[Collected material]

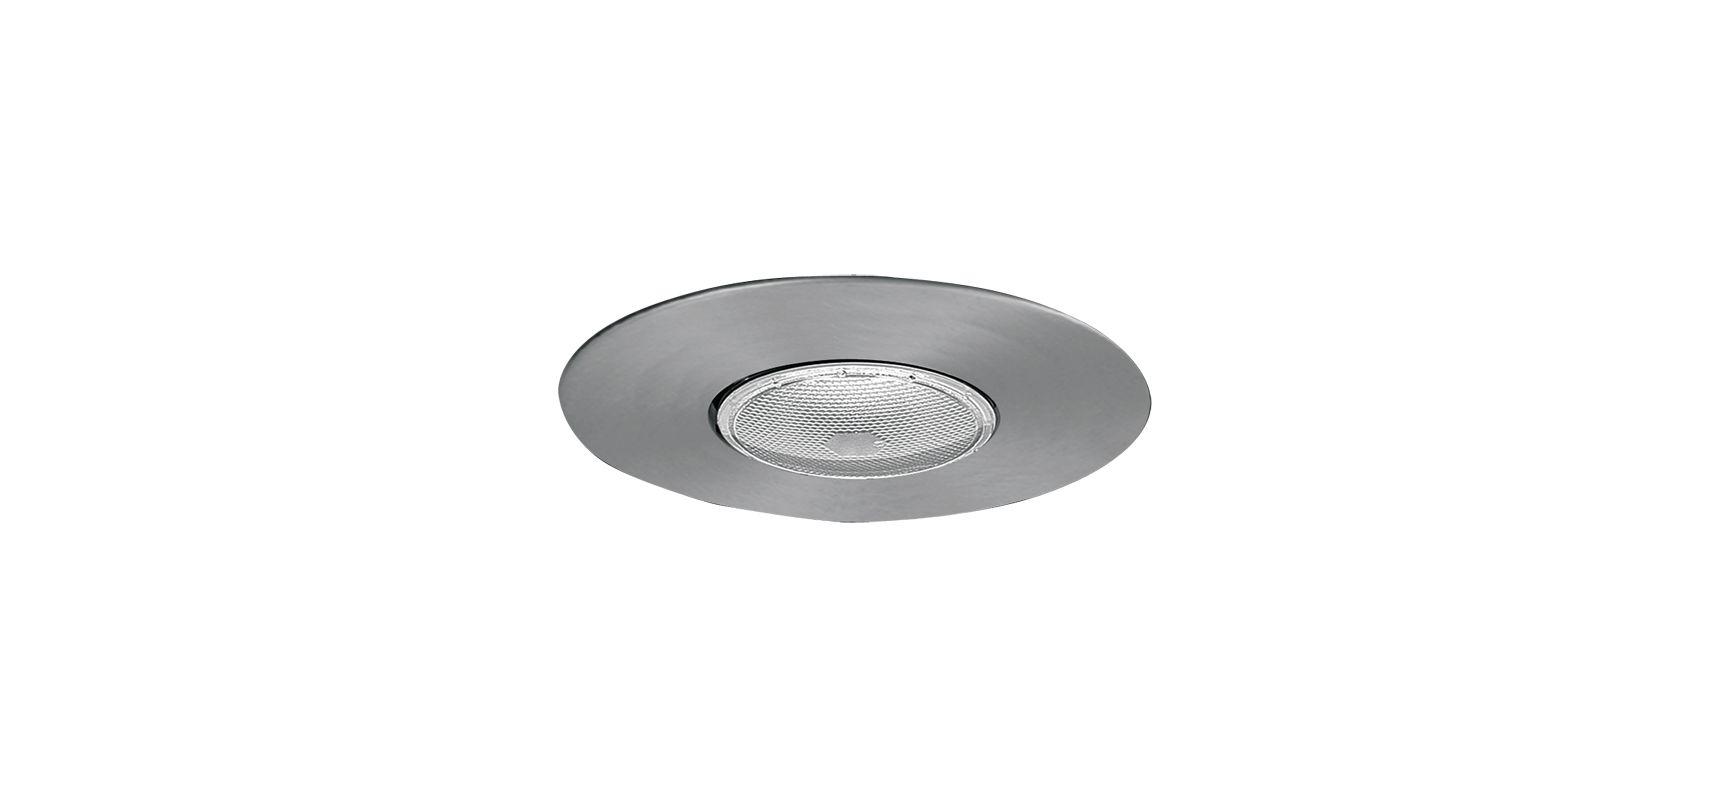 "Elco EL30 6"" Open Trim for 75W Bulbs Nickel Recessed Lights Shower"
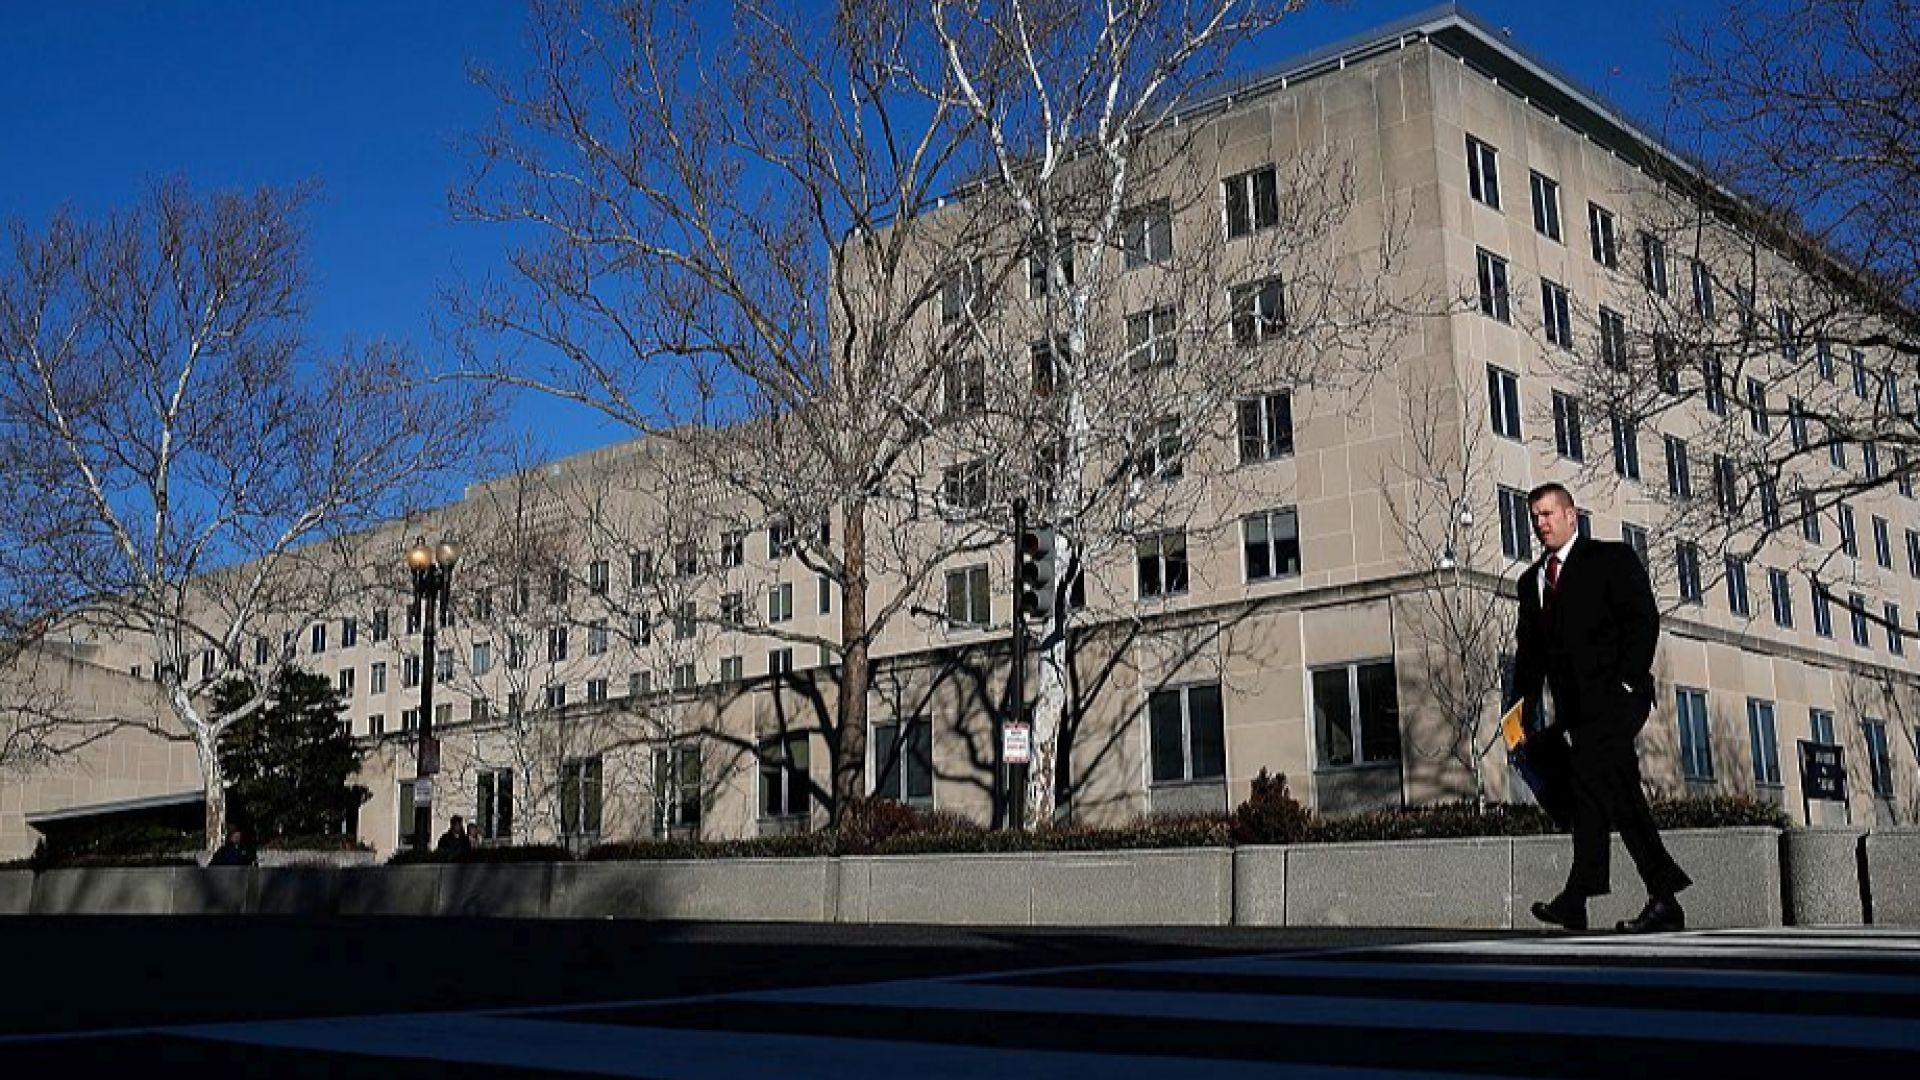 Нови загадъчни случаи с болни американски дипломати
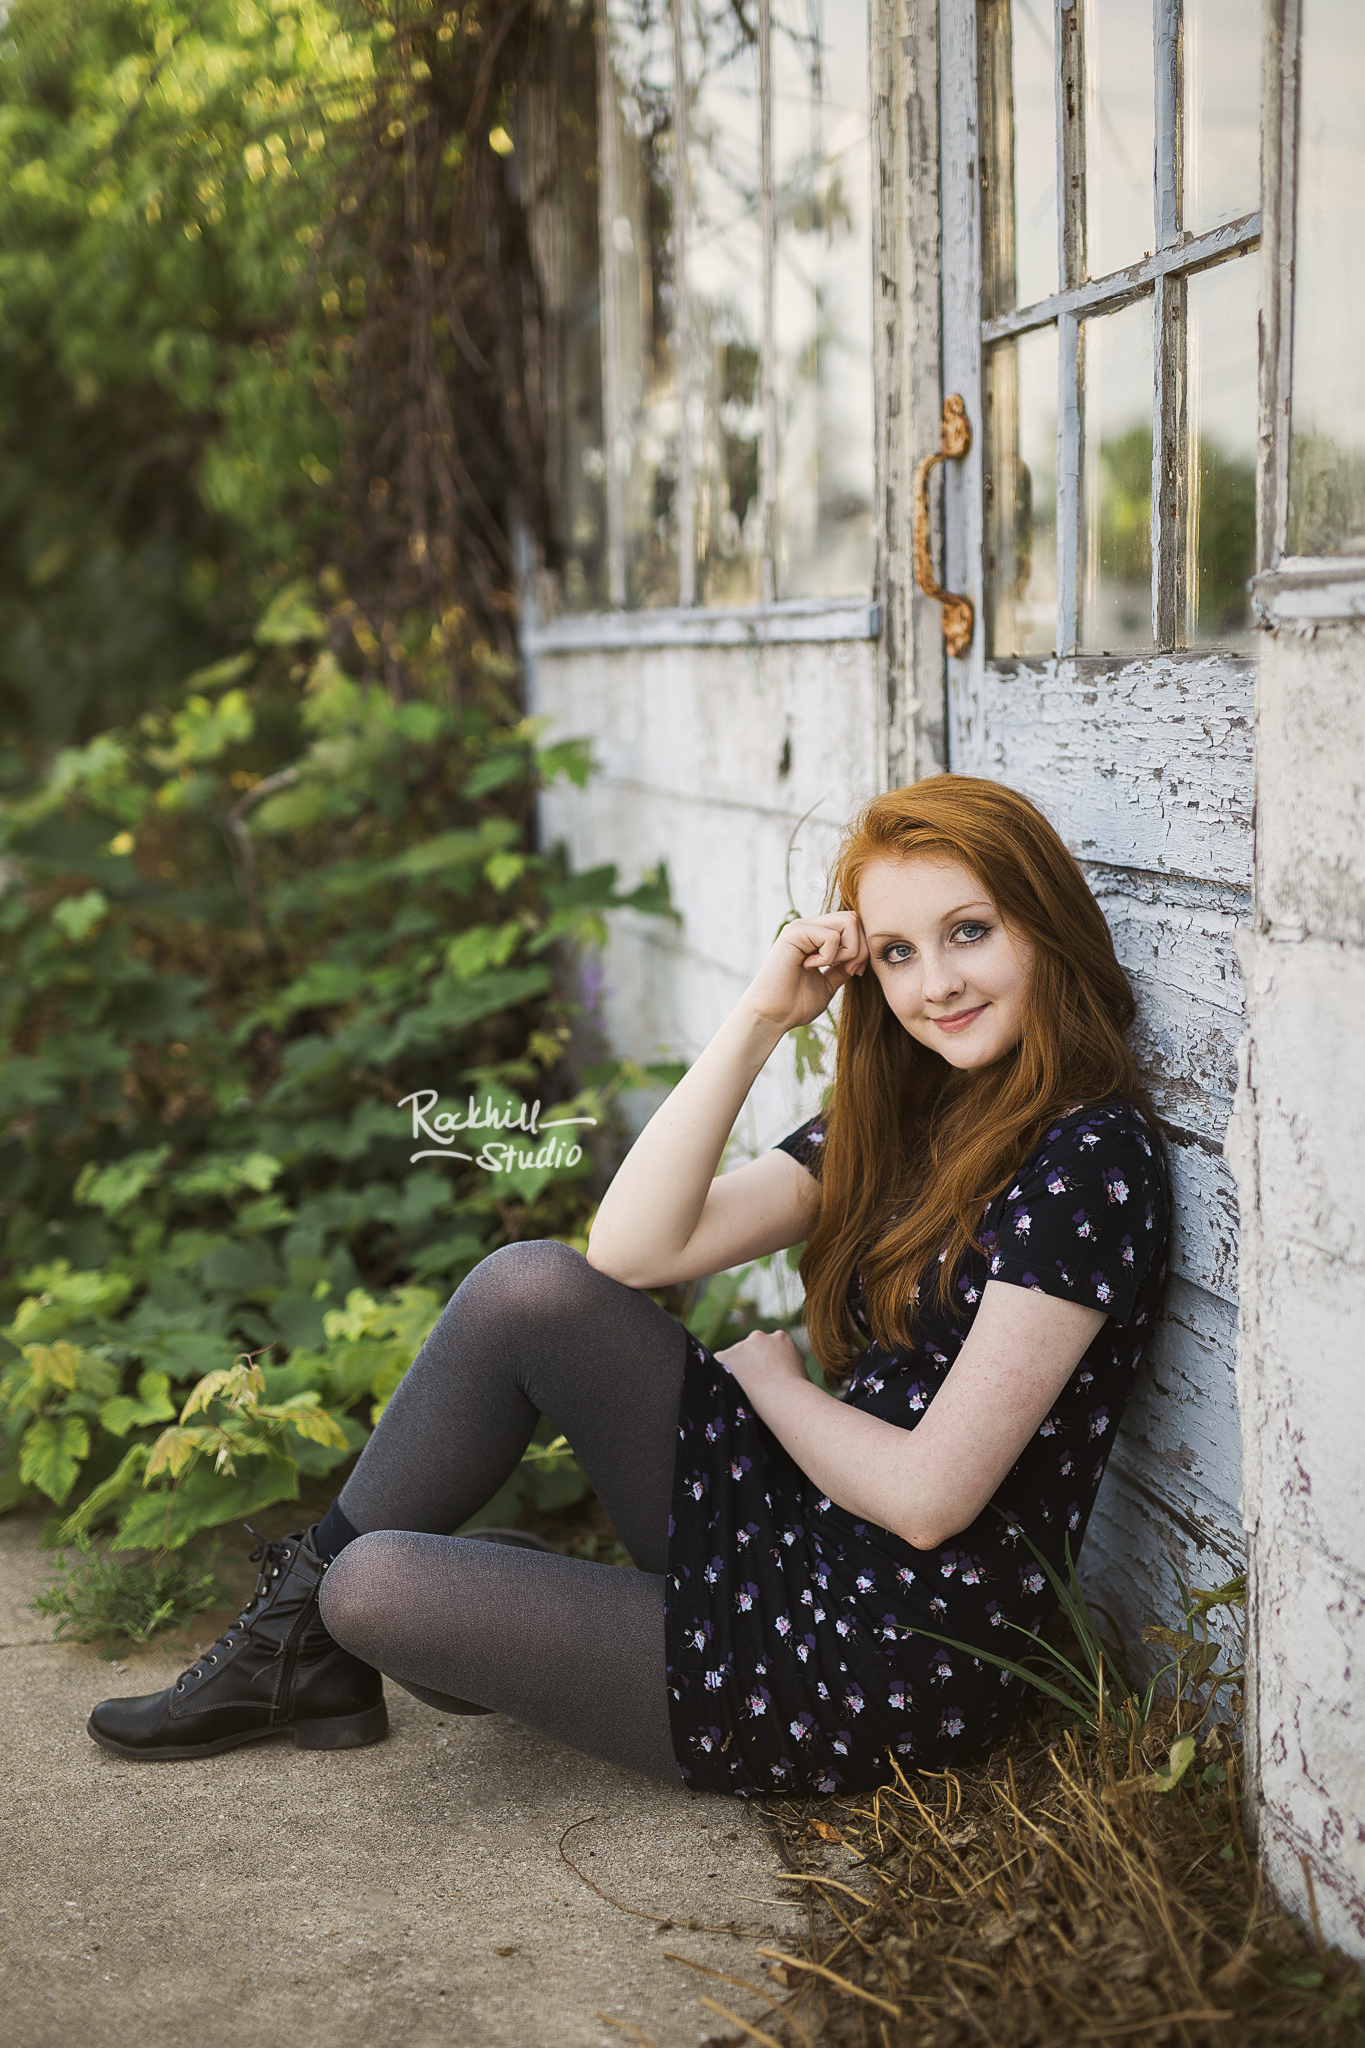 marquette-senior-photographer-upper-peninsula-michigan-girl-garden-wall.jpg

[/Collected material]

__Problem description__. Without the pictures, retype all of the data above exactly.

__Answer area__.
 "Elco EL30 6"" Open Trim for 75W Bulbs Nickel Recessed Lights Shower"
 Нови загадъчни случаи с болни американски дипломати
 marquette-senior-photographer-upper-peninsula-michigan-girl-garden-wall.jpg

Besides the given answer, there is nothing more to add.